- **WORK REQUIRED**: Retype nothing except the lines below from the one with "2x Basics-Clear Huawei" through the one with "Choseal PB-5702 Audiophile", exactly, with images left out.

- **MATERIAL FOR THE TASK**:
# # #

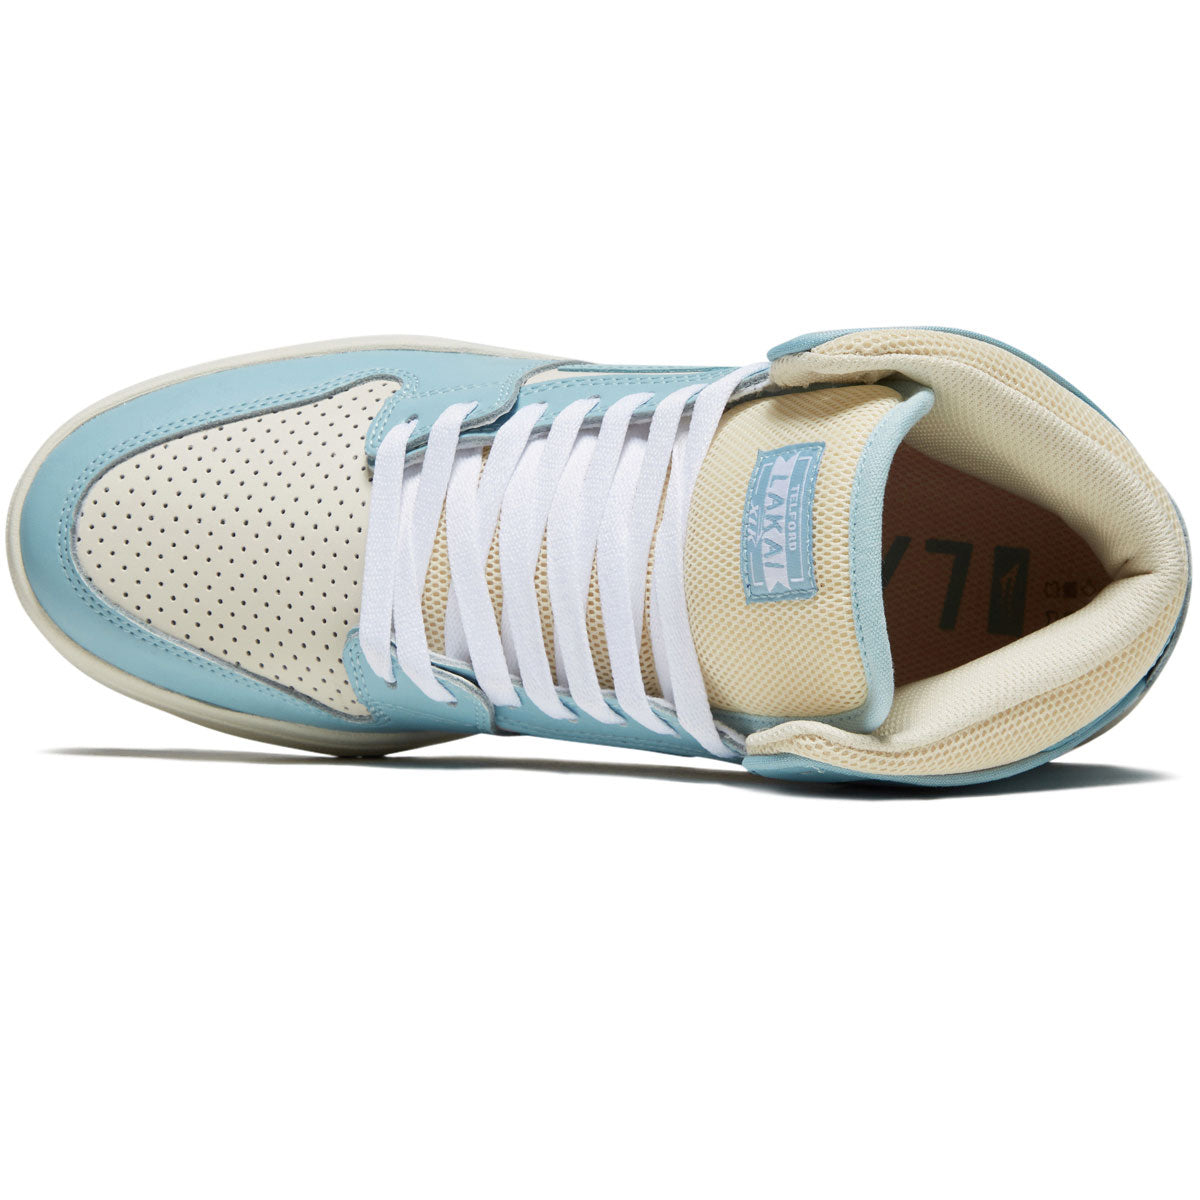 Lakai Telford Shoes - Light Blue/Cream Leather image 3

# # #

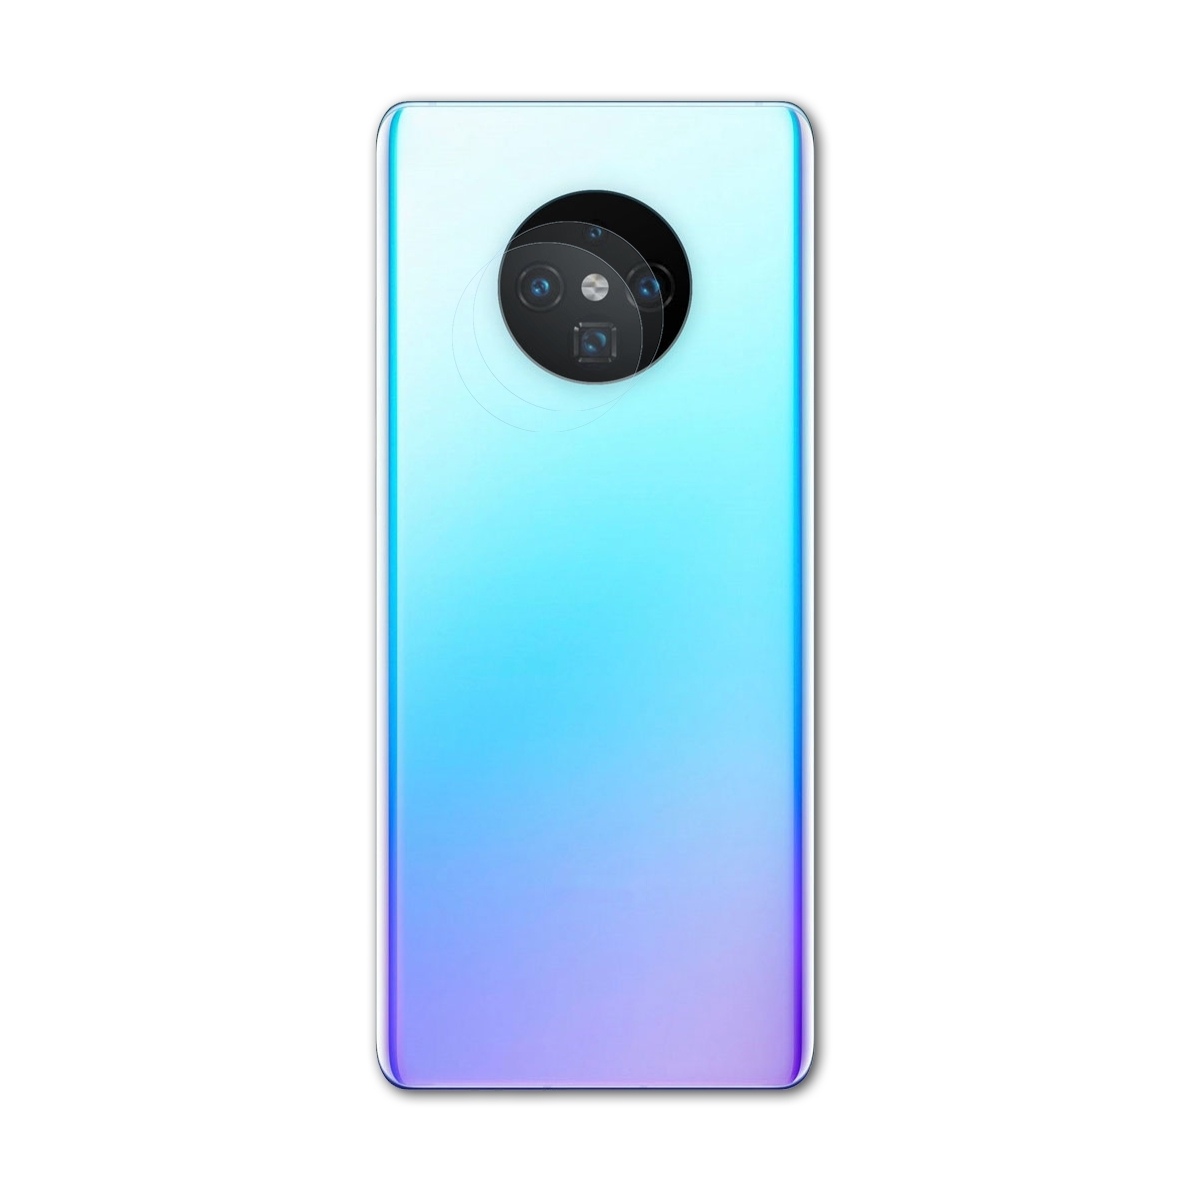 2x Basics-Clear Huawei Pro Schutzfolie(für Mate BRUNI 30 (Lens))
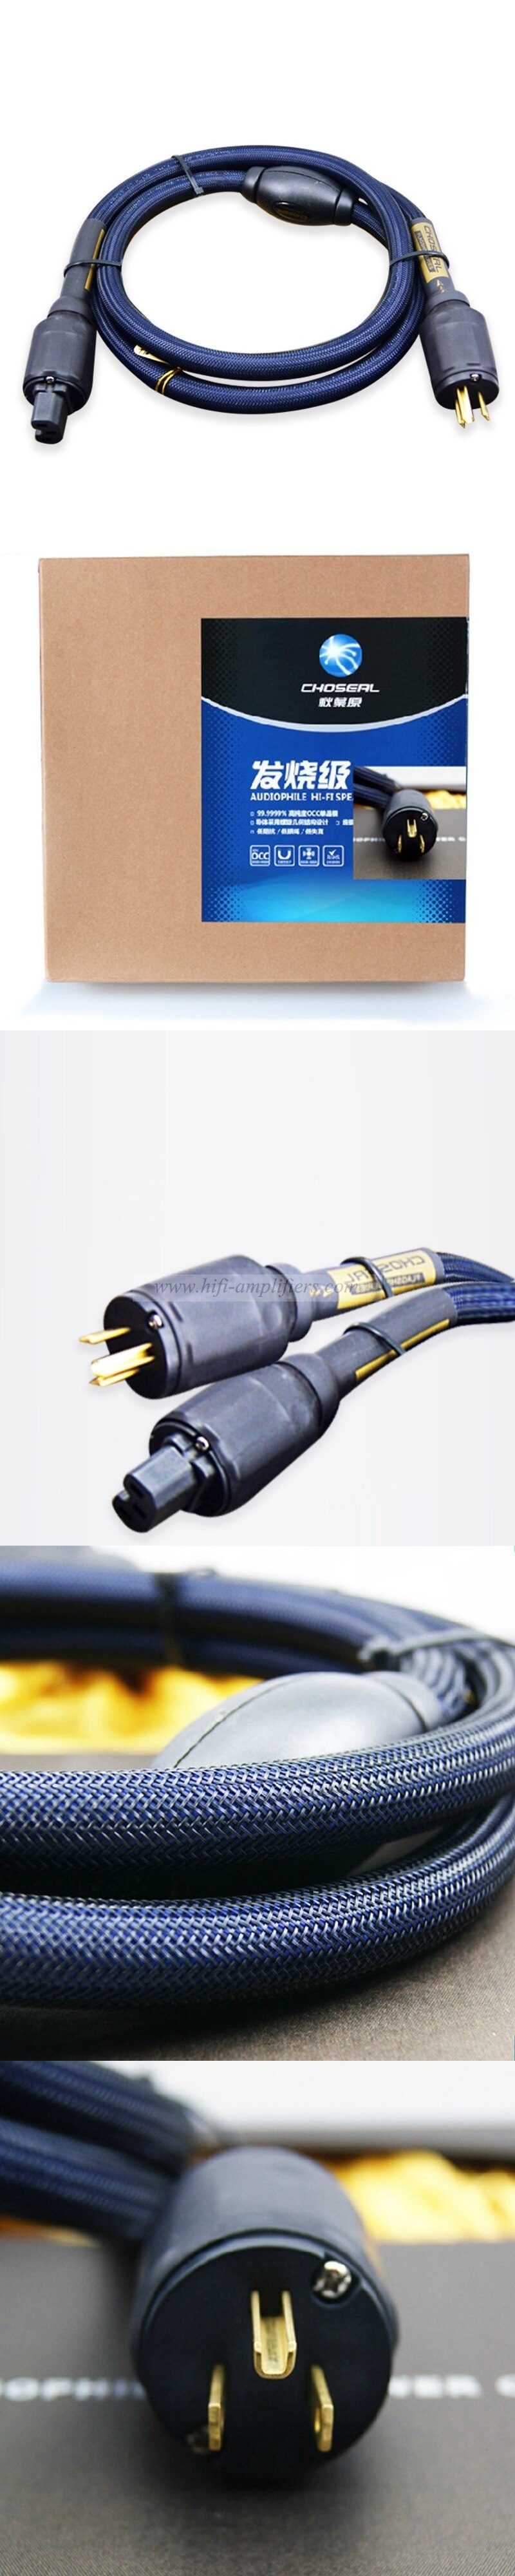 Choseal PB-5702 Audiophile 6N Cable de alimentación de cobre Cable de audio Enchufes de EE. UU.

# # #

- **ANSWER TO THIS EXERCISE**:
 2x Basics-Clear Huawei Pro Schutzfolie(für Mate BRUNI 30 (Lens))
 Choseal PB-5702 Audiophile 6N Cable de alimentación de cobre Cable de audio Enchufes de EE. UU.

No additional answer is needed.